The other area that involves multiple directorates and offices within the NSF is cyber-infrastructure. We have an exponential growth in information, whether it is through published literature, through newspapers and magazines, through websites, through blogs, or through text messages. Information is exploding. How do you, first of all, organise, sort, mine and filter this information and how do you separate the signal from the noise, so that you can extract useful information out of it? What is the infrastructure needed to do this? What are the hardware and software requirements? There is a lot of science that goes into this, so we sponsor the science. But it also requires infrastructural issues that we need to address. This we do not do in isolation – we work with other federal agencies.

Another example. We sponsor a lot of research in the biological sciences. The biological sciences include basic biology, it includes biological engineering...

Your own field...

My own field, which is the intersection of engineering and life sciences. It also includes biology applied to agriculture. We not only work between biology and engineering, we work with the U.S. Department of Agriculture. We also work with the National Institutes of Health and other institutes within NIH. There are many different angles to this.

Do you do anything in defence, perhaps with DARPA (Defence Advanced Research Projects Agency)?

Of course. DARPA’s mission is not as upstream as ours. They have more of a focus on translation and deliverables. But still there are a lot of themes and intellectual areas that overlap. We may fund upstream research and they may fund more downstream research but there is a lot of conversation that goes on.
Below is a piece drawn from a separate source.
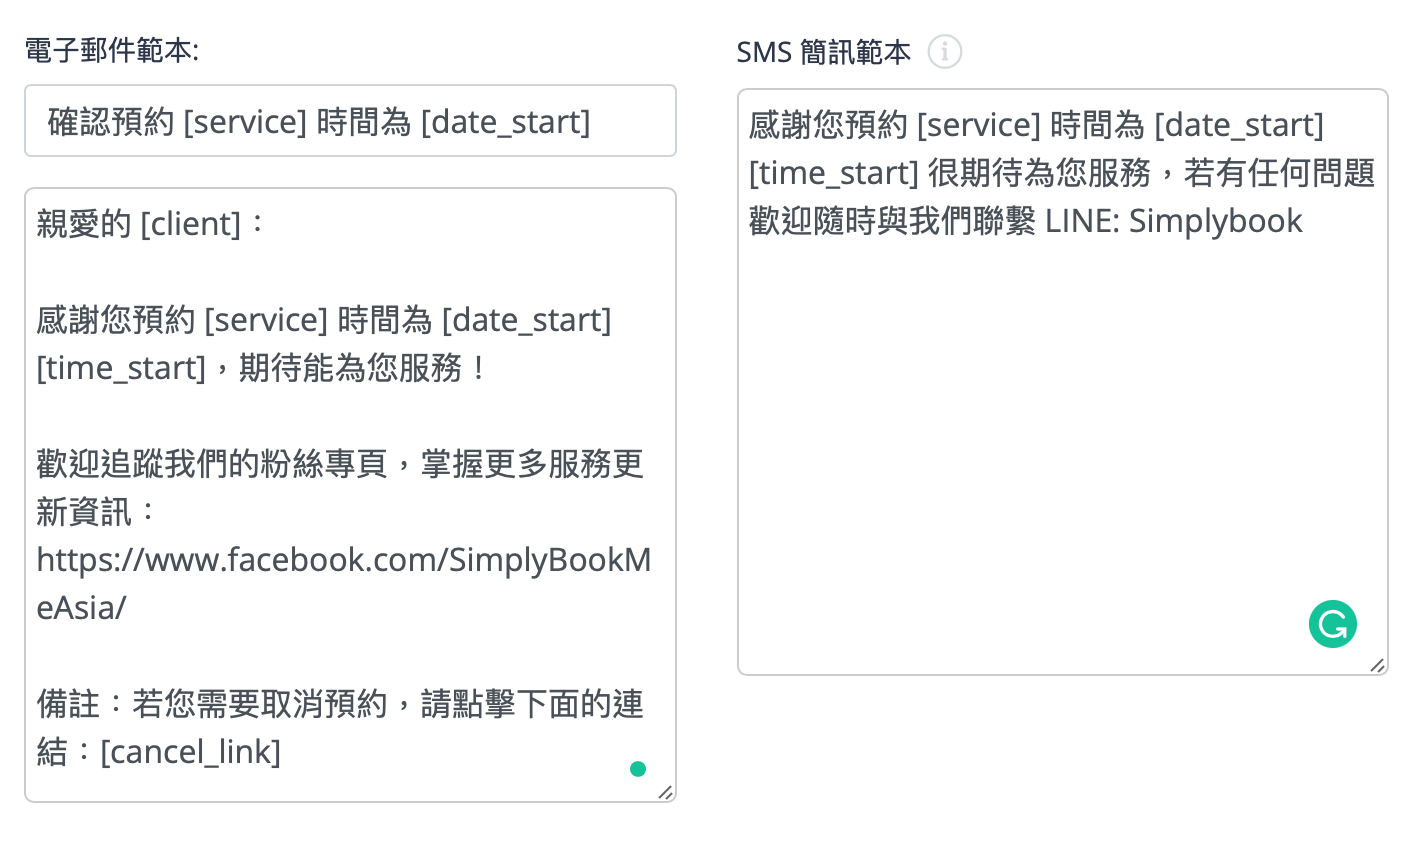 用 SimplyBook.me 輕鬆設定預約提醒！向客戶發送自動化通知，降低營運成本！

In fact we have constant conversations with different parts of the Department of Defence – [for example] the Air Force Office of Scientific Research and the Office of Naval Research is only next door [in Ballston, Virginia, near Washington DC]. DARPA is not too far from here either. They are all nearby. We interact quite closely with them.

Out of curiosity, could you tell us a bit about your own area of research, nano-biomechanics, and why some people have described your work in that area as “one of the top ten emerging technologies that "will have a significant impact on business, medicine or culture?”

Regarding my background, I started as an engineer. My initial work was looking at the mechanical properties of large structures [including] the structural integrity of the fuselage of an airplane, the cabin of the aircraft, the wing of an aircraft, the lifetime of an aircraft, nuclear pressure vessels, pipelines and so forth. Over time I started to look at smaller and smaller things. This was in the early to mid-1980s – I was looking at large structures. In the late 1980s and early 1990s I was looking at mechanical properties of small-scale structures.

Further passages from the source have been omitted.